Making Change

A restored store on Old Maple and 4th, NW.

The town is changing. The corner store where patrons could buy a single black and mild along with a lotto ticket is still there. It still sells lotto. There are a few cold 40s in the cooler, next to an extended collection of batch artisanal beer from the Rocky and the Sierra mountains. None from Milwaukee.

The long-term neighbors keep an eye on the new folks. The ones who foolishly stand on the street, rifling through their bags, not paying attention to the opportunistic predators. The first ones who fixed up Miss Carter’s house after she passed on. They were very into their front yard. The next ones who bought the houses that someone else fixed up. Lots of granite and walls coming down for an “open” floor plan.

The ones with their fancy three-wheeled strollers.

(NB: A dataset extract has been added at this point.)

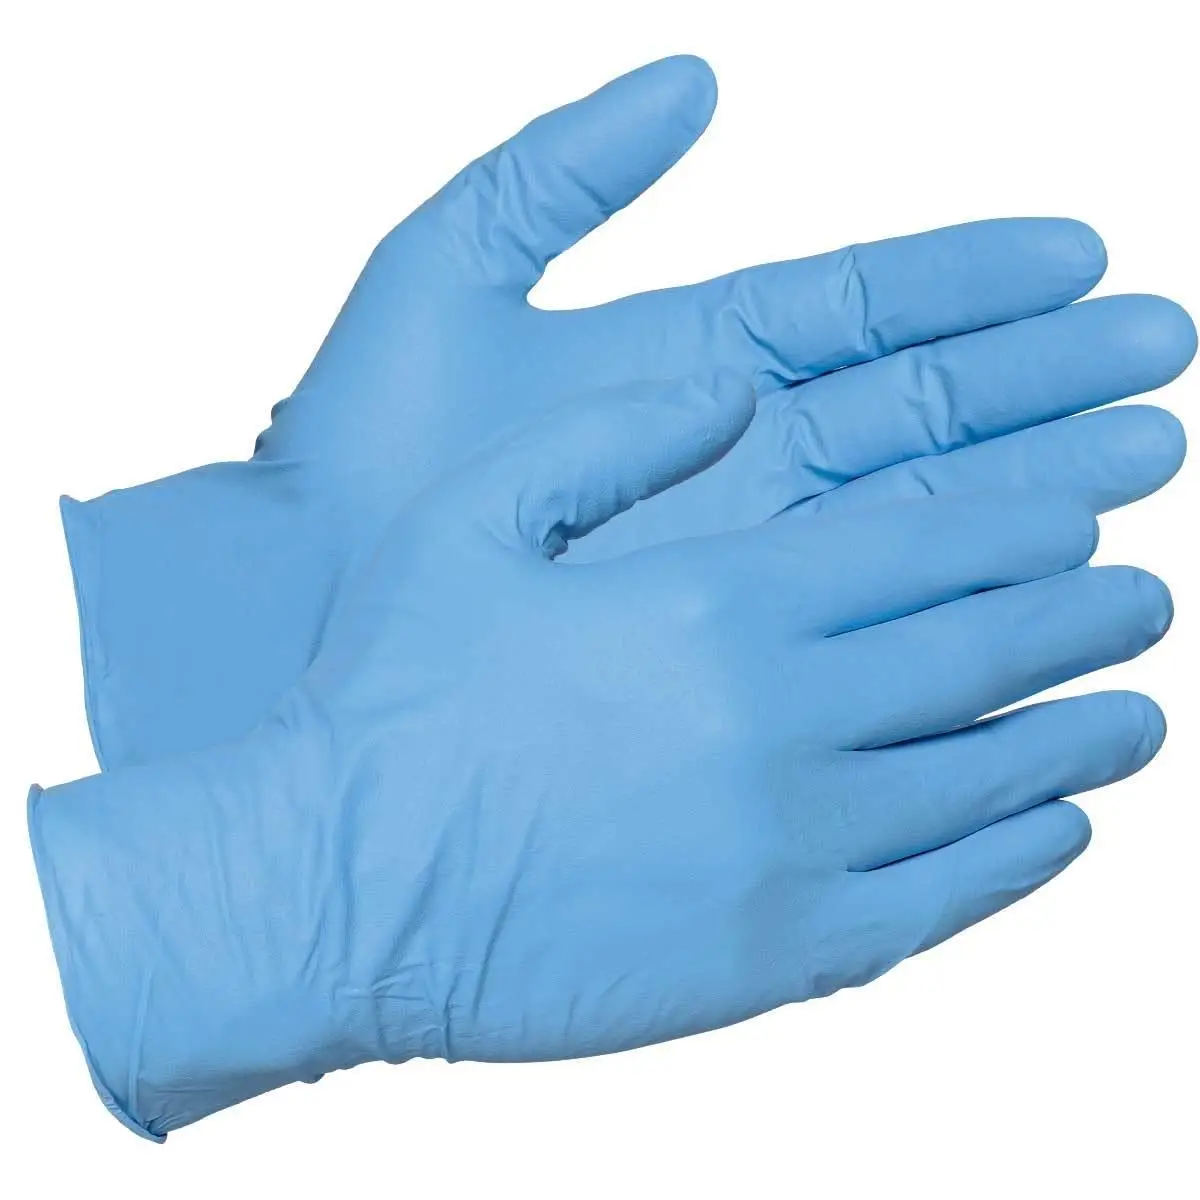 Las enfermeras guantes de nitrilo para examen rectal

They carry their fat babies in their reverse backpacks, facing out with their pink cheeks and pillow feet. In one hand they grip a stainless steel coffee cup and in the other the leash for their misshapen dog. The dog that is afraid of blowing leaves and trash trucks and barks at the ladies wearing their church hats.

The old timer likes most of his new neighbors. They borrow his tools and ask for his opinion on roofers and electricians. He tells the youngest ones to get their keys out before they step out of their Ubers. He’s not crazy about the Ubers, though. His buddy supplements his retirement by driving a D.C. He said that he’s not going to drive his own car.

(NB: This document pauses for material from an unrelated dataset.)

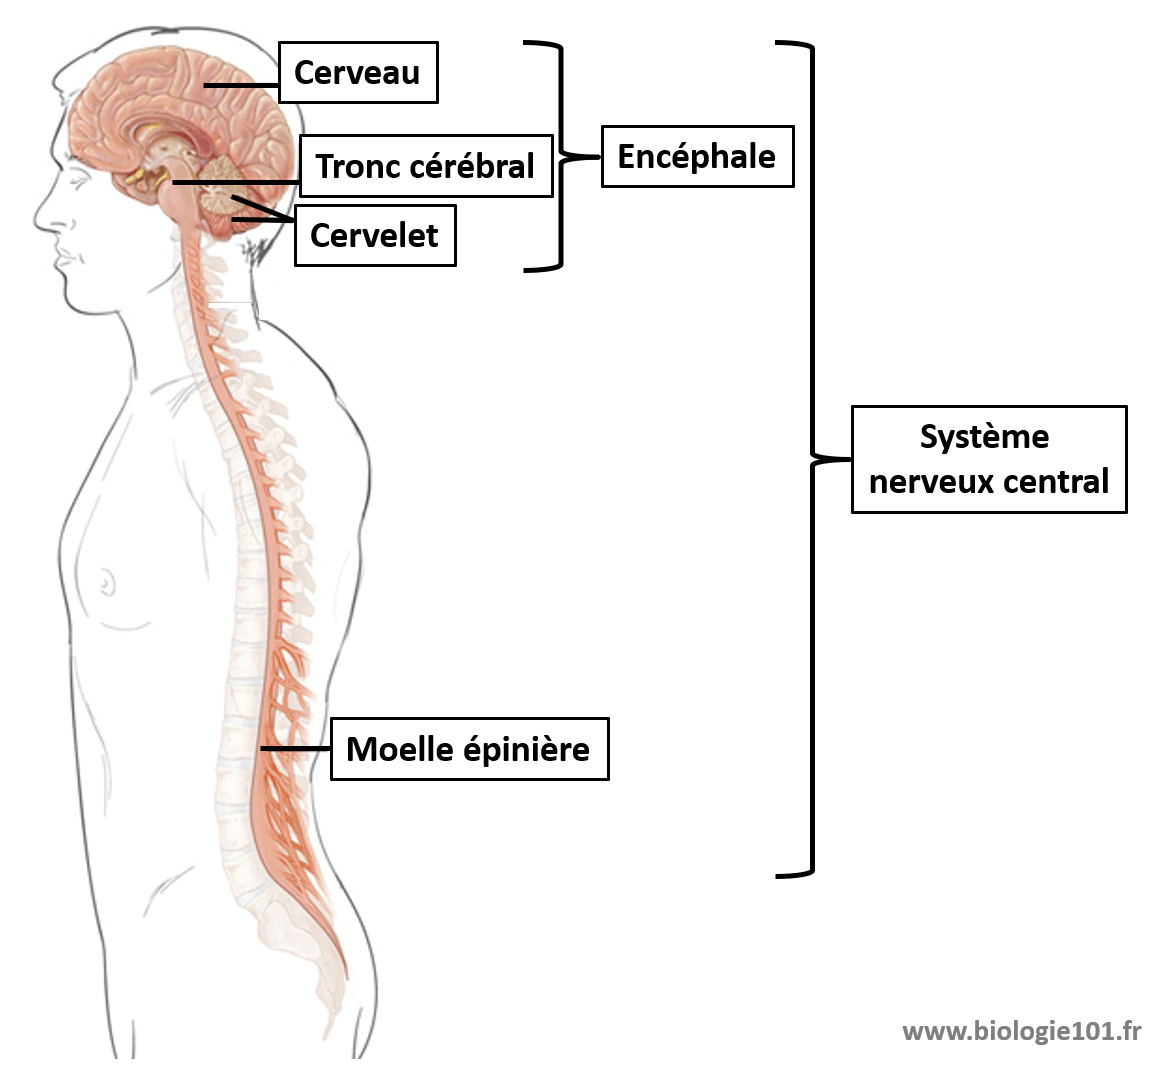 La moelle épinière fait partie du système nerveux central. La moelle épinière est le centre nerveux impliqué dans les mouvements invonlontaires, les réflexes myotatiques.

Looking up and down the compact streets with homes that were residences to African American professors, judges and lawyers before it became a “transitional” neighborhood, two or three homes on every block proudly fly the red and white D.C. flags. A bunch of them “work” from home–whatever that means. One thing he knows it means is that there are more people around during the day.

The old timer sits on his front porch and nods to the parade of walkers and bikers and strollers bringing life to his street. He’s glad to have activity out in the open–but he knew what was happening in the shadows, too. It’s not gone, though it’s definitely on the wane. But every time there is a car break-in or a mugging, there is much clucking. It’s still the city, man, he thinks to himself.

He wonders if they will raise their kids here. If they will go to the neighborhood schools. He hopes so, because the corner store is carrying organic milk in addition to wines with foreign labels. But there’s also sandwiches. His wife doesn’t like him eating greasy carryout, but if he brings home a wrap, they’re both happy. These new people? They better stay.

Busting Loose

A yet to be "rehabbed" street in Shaw. Around 7th and L, NW. Close to the cop shoppe.

Growing up, a meaningful block was a half-mile long. Nobody walked much, so it wasn’t a big deal, but the distances between stuff were actual distances. Walking three blocks was a mile and a half. Distances were covered in miles per hour, thank you very much.

When I first moved to our nation’s capital, these were pre-GPS days–I know, right?, I pulled out the map to see where I was heading. It was on the other side of the beltway. Using my historical point of reference, I figured it would take about 60-70 minutes. It took me less than 20, and that might have included a little bit of time when I was lost.

Geographically, D.C. is a small place.

Today I told The Spouse that drinks were on me at the hip watering hole that just reopened. I decided to hoof it from downtown. The Spouse hit the pavement from The Mall. It’s a sign of the times that we would even consider walking. Five or six years ago, when the development was in planning, I would not walk that corridor. Boarded up shops, drug deals on corners, and no reason to be there. Nope. Seventh Street was a car route.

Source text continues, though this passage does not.